Tuesday, April 26, 2016

JDE Best Practice - Security

One of the most overlooked best practices when managing JDE E1 is user security. When you set up a new user inside E1 you have to assign them a password. Pretty simple, right? Unfortunately that’s not all there is to security inside E1. As shipped, JDE E1 is essentially wide open for all users and companies must develop a plan to handle all aspects of E1 security. Once the plan is in place it requires regular maintenance and adjustment as users come and go or company needs change.

Any good CNC knows that in a vanilla E1 installation, the JDE user and all the schema accounts (PRODDTA, SY900, CRPCTL, etc.) all have very well known default passwords on the database. Many times during an implementation those passwords will stay as shipped to make the process easier and the company may have the best intentions to address that problem after go-live, but that doesn’t always happen. If you don’t change these passwords, anyone with basic knowledge of E1 could access any data on your system.

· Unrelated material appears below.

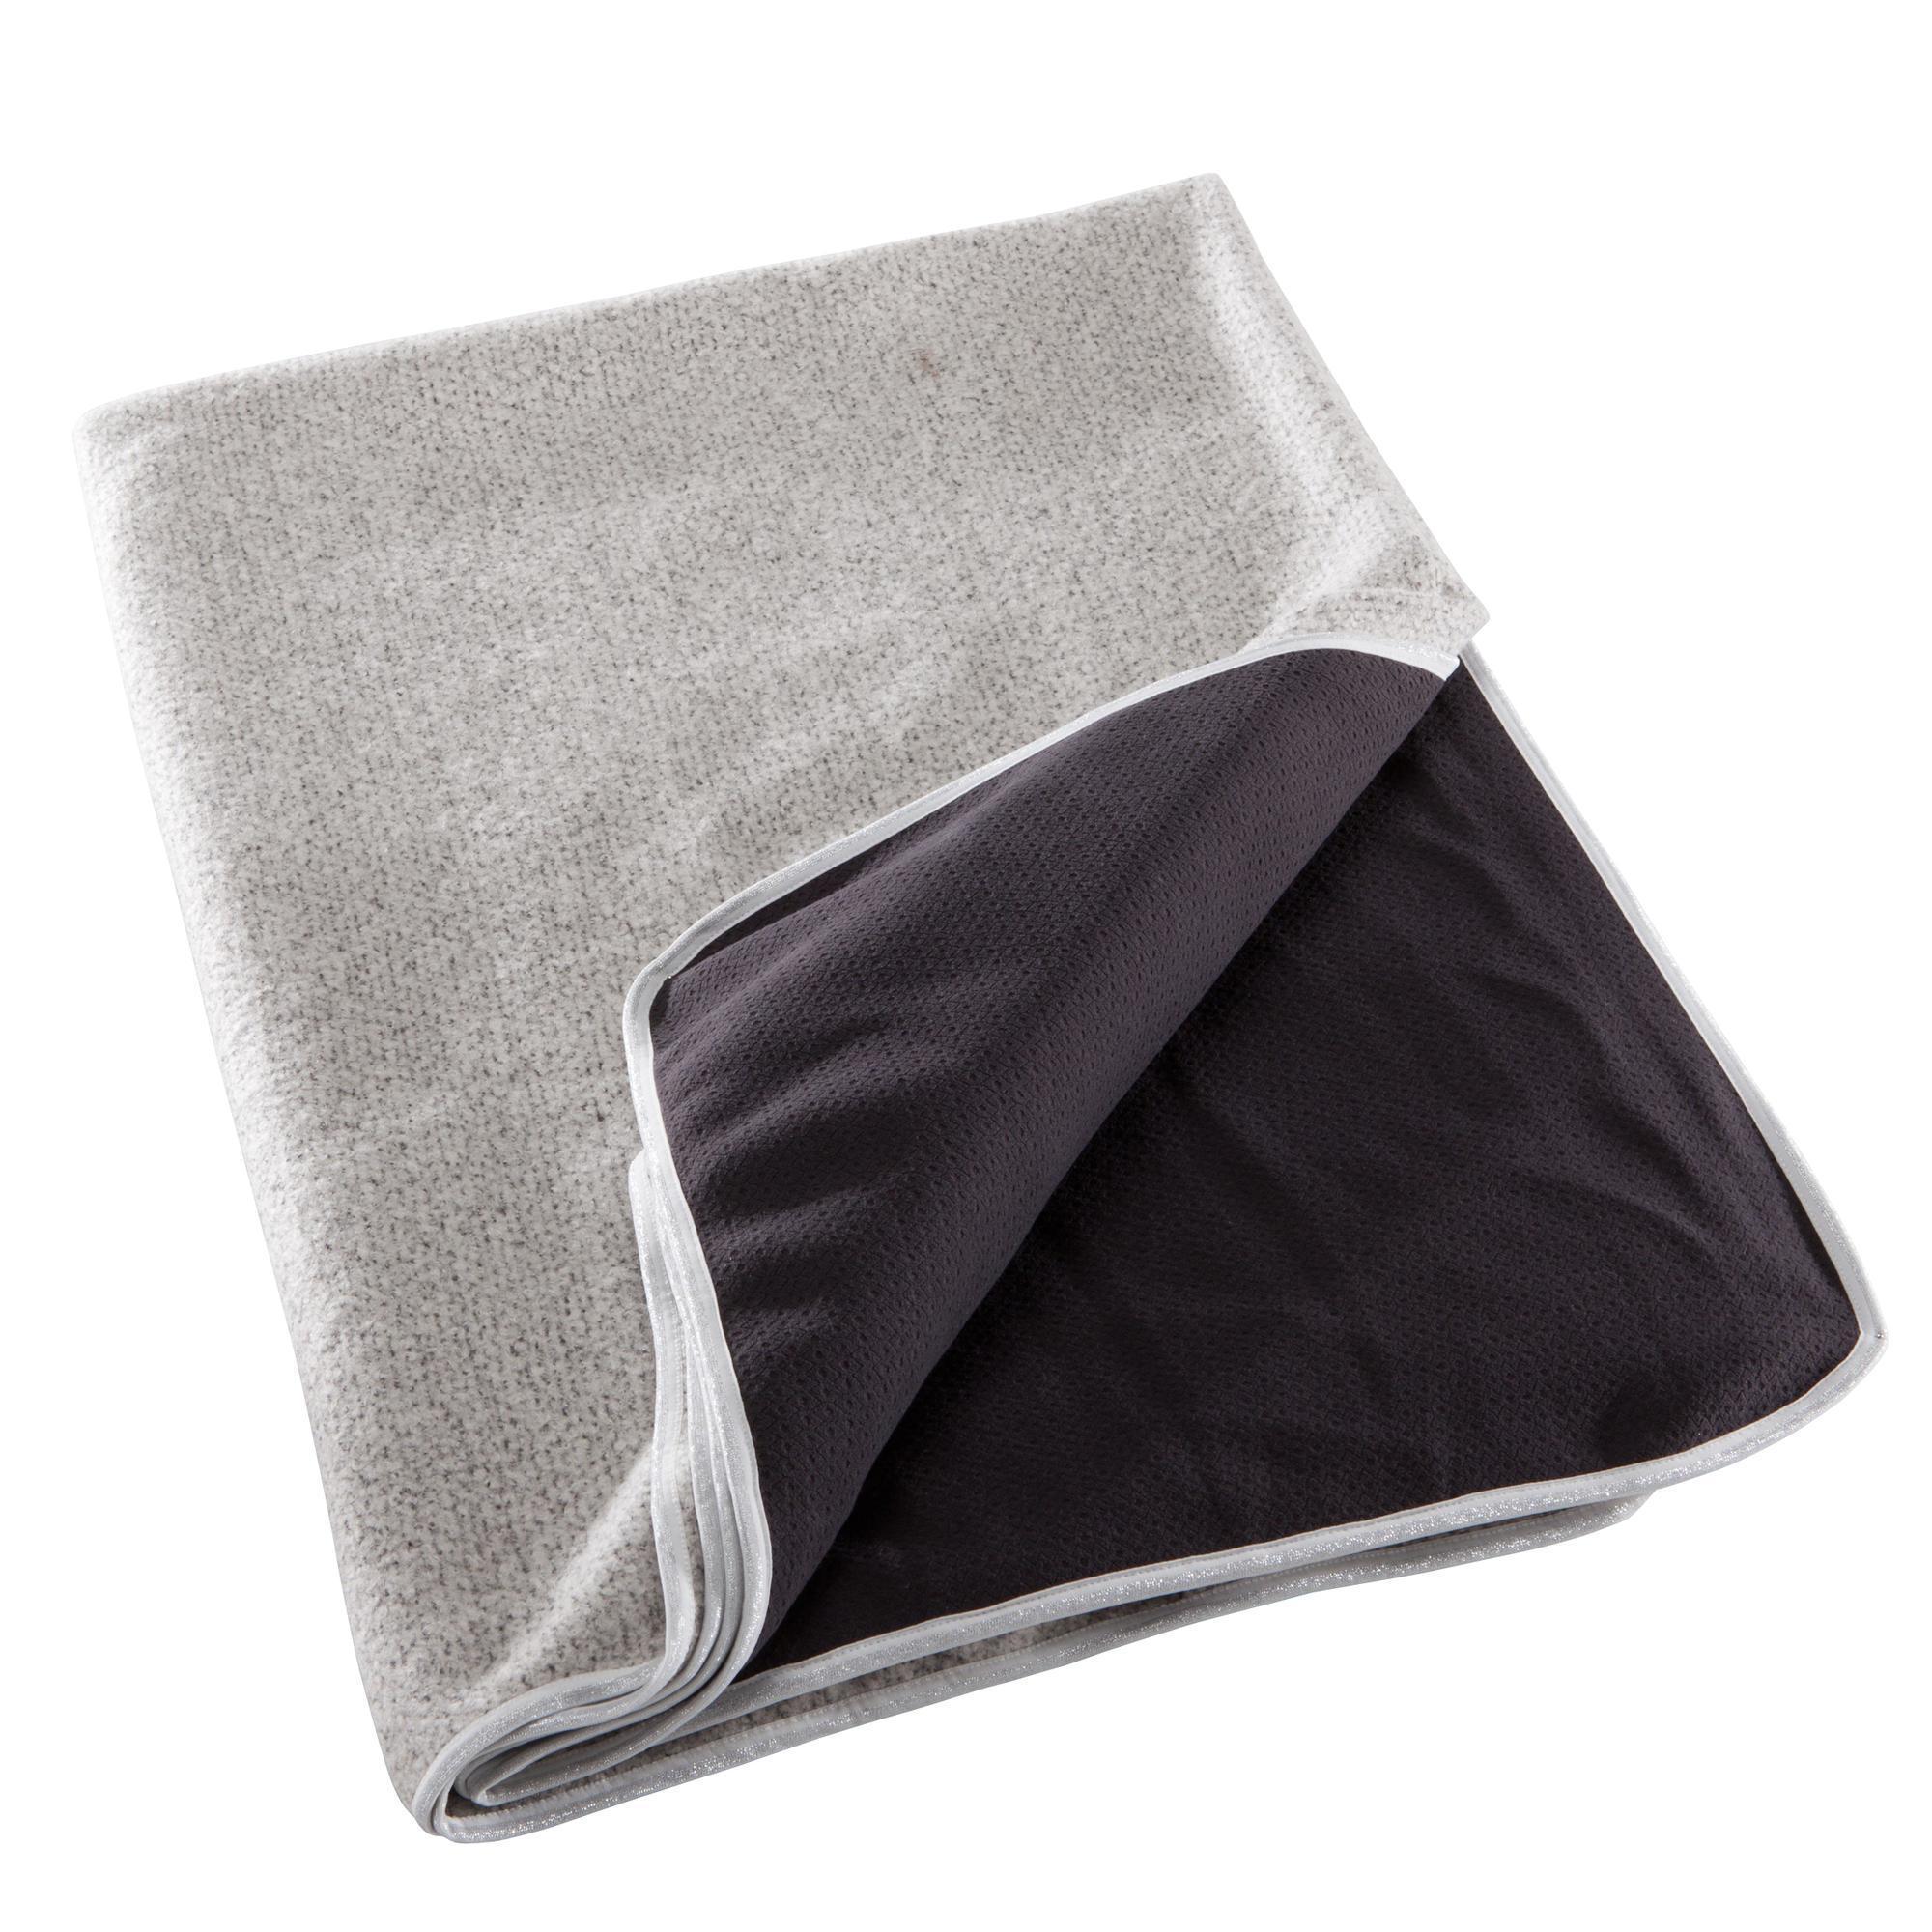 Yogadecke zweiseitig grau   03608419206876

A little-known tidbit about JDE E1 database security – in versions 9.1 and older, all database users have all permissions to all tables. This means if you give someone a login directly to the database they will be able to view, change, or delete any record or any table regardless of what permissions you give that user. The only way to fix that is by running the Oracle Public Shutdown procedure.

There’s also operating system security. The physical files that reside on your E1 servers are fully accessible by default. Some of them need to be available, but many do not need to be wide-open. The most important files to protect are your INIs since they contain passwords for your key system users. Prior to tools release 9.1.4.x you had to rely on OS level security to protect those files, but in TR 9.1.4.x and above the passwords are encrypted.

Inside JDE you can control the E1 user passwords as well as other details, such as password complexity. Most CNCs already know about that, but one overlooked part of E1 security is within OMW. If a user has access to OMW they will be able to assign themselves to any project as any type of user – developer, manager, PVC administrator – the sky’s the limit! There’s no built-in security management application for OMW users, so you have to use row or application security to keep people from assigning themselves to whatever they want.


There are many other questions related to JDE E1 security that you might have and it’s likely that the answers you get will create even more questions. JDE E1 security is a very complex topic and if you require unique or specialized restrictions you’re going to need an expert.